The Procter & Gamble Company reported third quarter fiscal year 2017 results on Tuesday, with Beauty segment organic sales increasing 1 percent versus a year ago, driven by growth in Skin & Personal Care. Organic sales increased low single digits in Skin & Personal Care as the continued growth of super-premium SK-II offset lower volume in retail skin care, the company said in its earnings call.
The Beauty segment in developed markets declined high-single digits, with growth in Europe and the Asia-Pacific region offset by declines in North America. In North America, Skin Care and Antiperspirant/Deodorant declined due to promotional activity and inventory adjustments. Organic sales in Hair Care were unchanged. Sales in the Beauty segment in developing markets were up mid-single digits driven by growth in Latin America. Developed markets were down mid-single digits with strong growth in Europe offset by competitive promotional activity and inventory reductions in the U.S.
For the quarter ended March 31, P&G posted sales of $15.6 billion, a decrease of 1 percent versus the prior year, including a negative 2 percent impact from foreign exchange. Organic sales increased 1 percent driven by a 1 percent increase in organic shipment volume. Diluted net earnings per share were $0.93, a decrease of 4 percent versus the prior year, while core earnings per share increased 12 percent to $0.96.
Operating cash flow was $3 billion for the quarter. P&G returned $1.8 billion of cash to shareholders as dividends and repurchased $2 billion of common stock. Earlier this month, P&G announced an increase in its quarterly dividend, marking the 61st consecutive year it increased its dividend. P&G has been paying a dividend for 127 consecutive years since its incorporation in 1890.

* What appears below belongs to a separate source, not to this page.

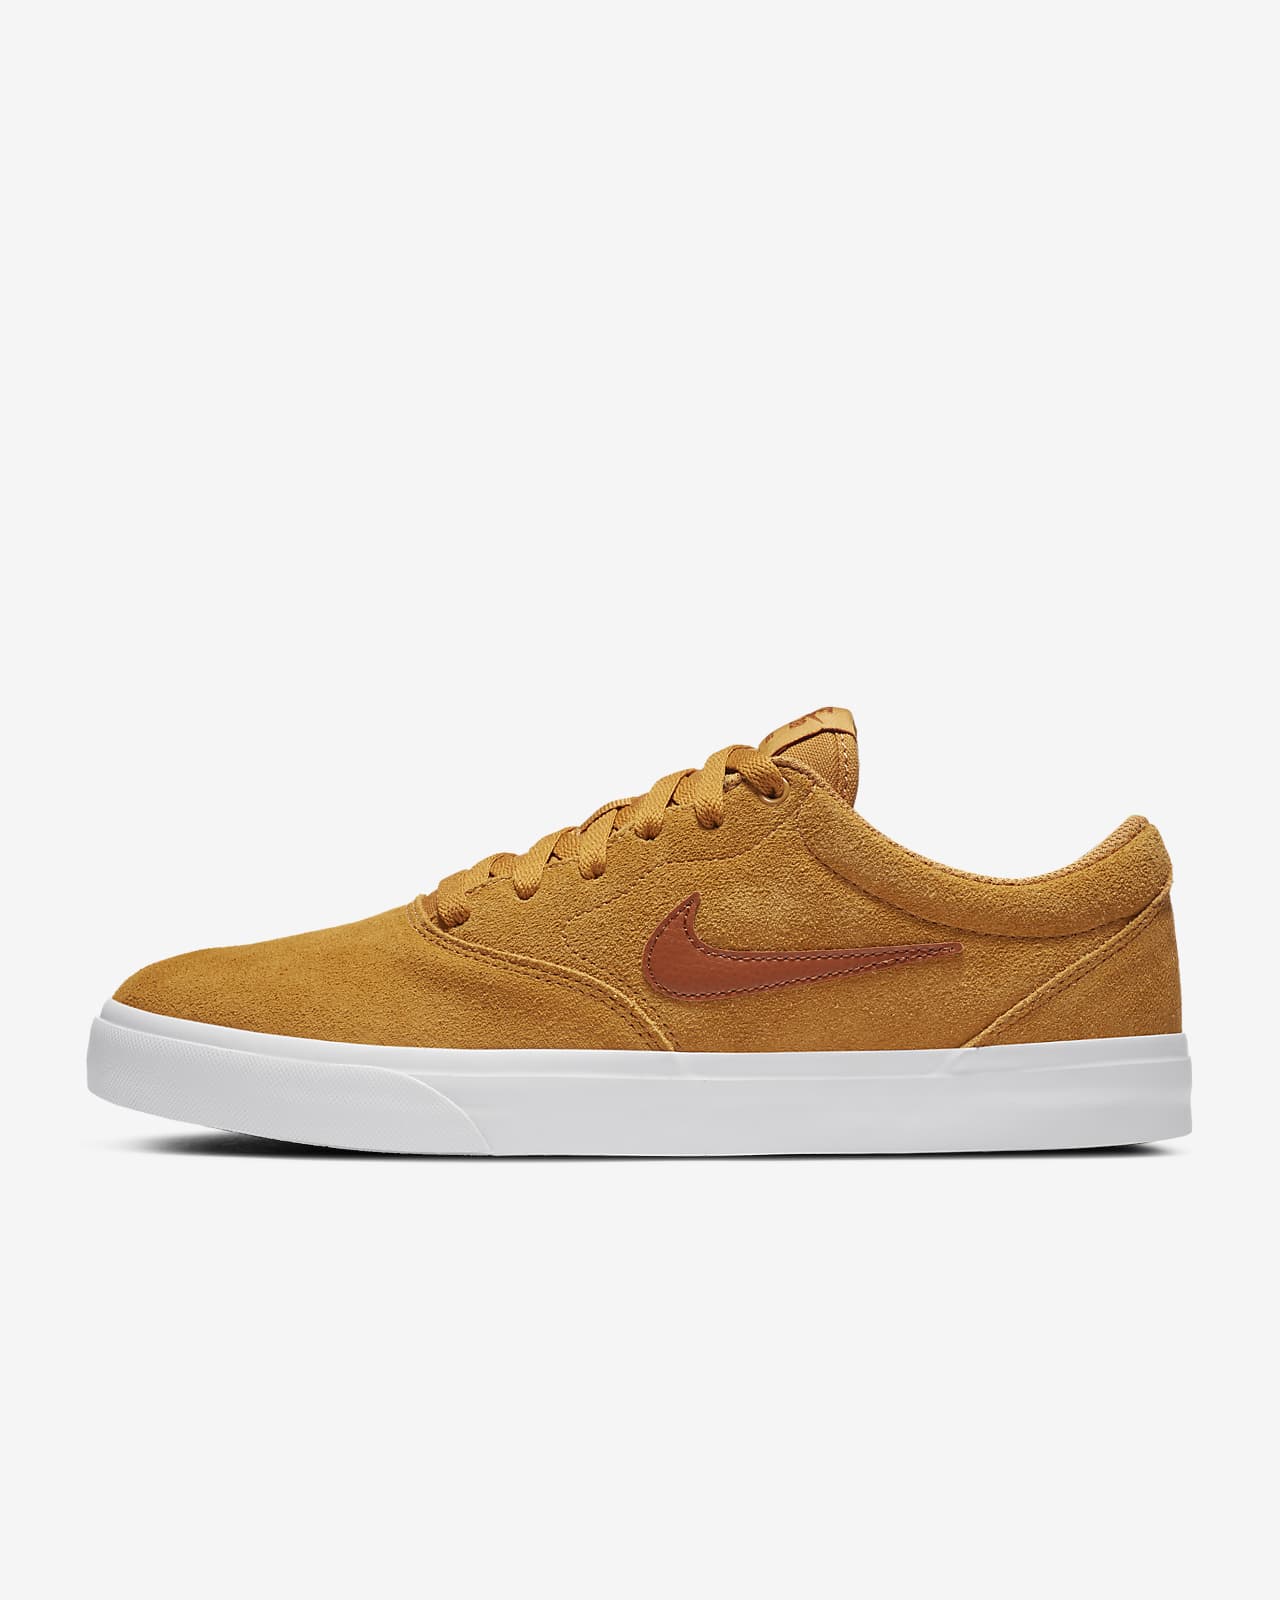 suede nike shoes

“The third quarter macro environment was characterized by a slowdown in market growth, continued geopolitical disruptions and foreign exchange challenges,” said David Taylor, Chairman, President and Chief Executive Officer. “Against this backdrop, we delivered modest organic sales growth and double-digit core earnings per share growth, and we increased the quarterly dividend for the 61st consecutive year. Looking forward, we are maintaining our organic sales and Core EPS guidance ranges for the year and increasing our outlook for adjusted free cash flow productivity.”
Pricing and mix had no net impact on sales for the quarter. All-in volume was unchanged including the impacts of minor brand divestitures.
Other highlights from the earnings call included:
- Grooming segment organic sales decreased 6 percent due to lower volume and reduced pricing in Shave Care. Organic sales decreased high single digits globally in Shave Care due to competitive impacts in the U.S.
- Organic sales grew 30 percent online in the quarter. It’s now 5 percent of business, about $3 billion business. Ecommerce is primarily focused, but not exclusively, to the U.S., China and Northeast Asia, particularly Korea. China is about a $1 billion business online currently. That’ll be 20 percent to even as high as 30 percent of business within the next 12 to 18 months. Korea is 40 percent of the business today.
- The U.S. development in e-commerce is very different by category, with some of the bulkier and heavier products appealing to people online, so they’re not having to fill up their shopping carts with baby diapers, for example.
- Beauty care has been continually improving with the recent quarter serving as the sixth quarter in a row of organic sales growth. SK-II and Head & Shoulders are credited as the strongest brands, while Pantene, on a global basis, has also been doing very well. Some of our personal care businesses have been doing well. P&G just relaunched and re-staged Herbal Essences, which grew 6 percent in the quarter versus a year ago. There’s still work to do on Aussie and Rejoice, and within skin care they’re still making progress on Olay.
- P&G said it is maintaining its guidance for organic sales growth in the range of 2 percent to 3 percent for fiscal 2017. Fiscal year to date, P&G is at the low end of this range. The company expects the combination of foreign exchange and minor brand divestitures to reduce sales growth by two to three percentage points. As a result, P&G estimates all-in sales to be down 1 percent to in-line with the prior fiscal year.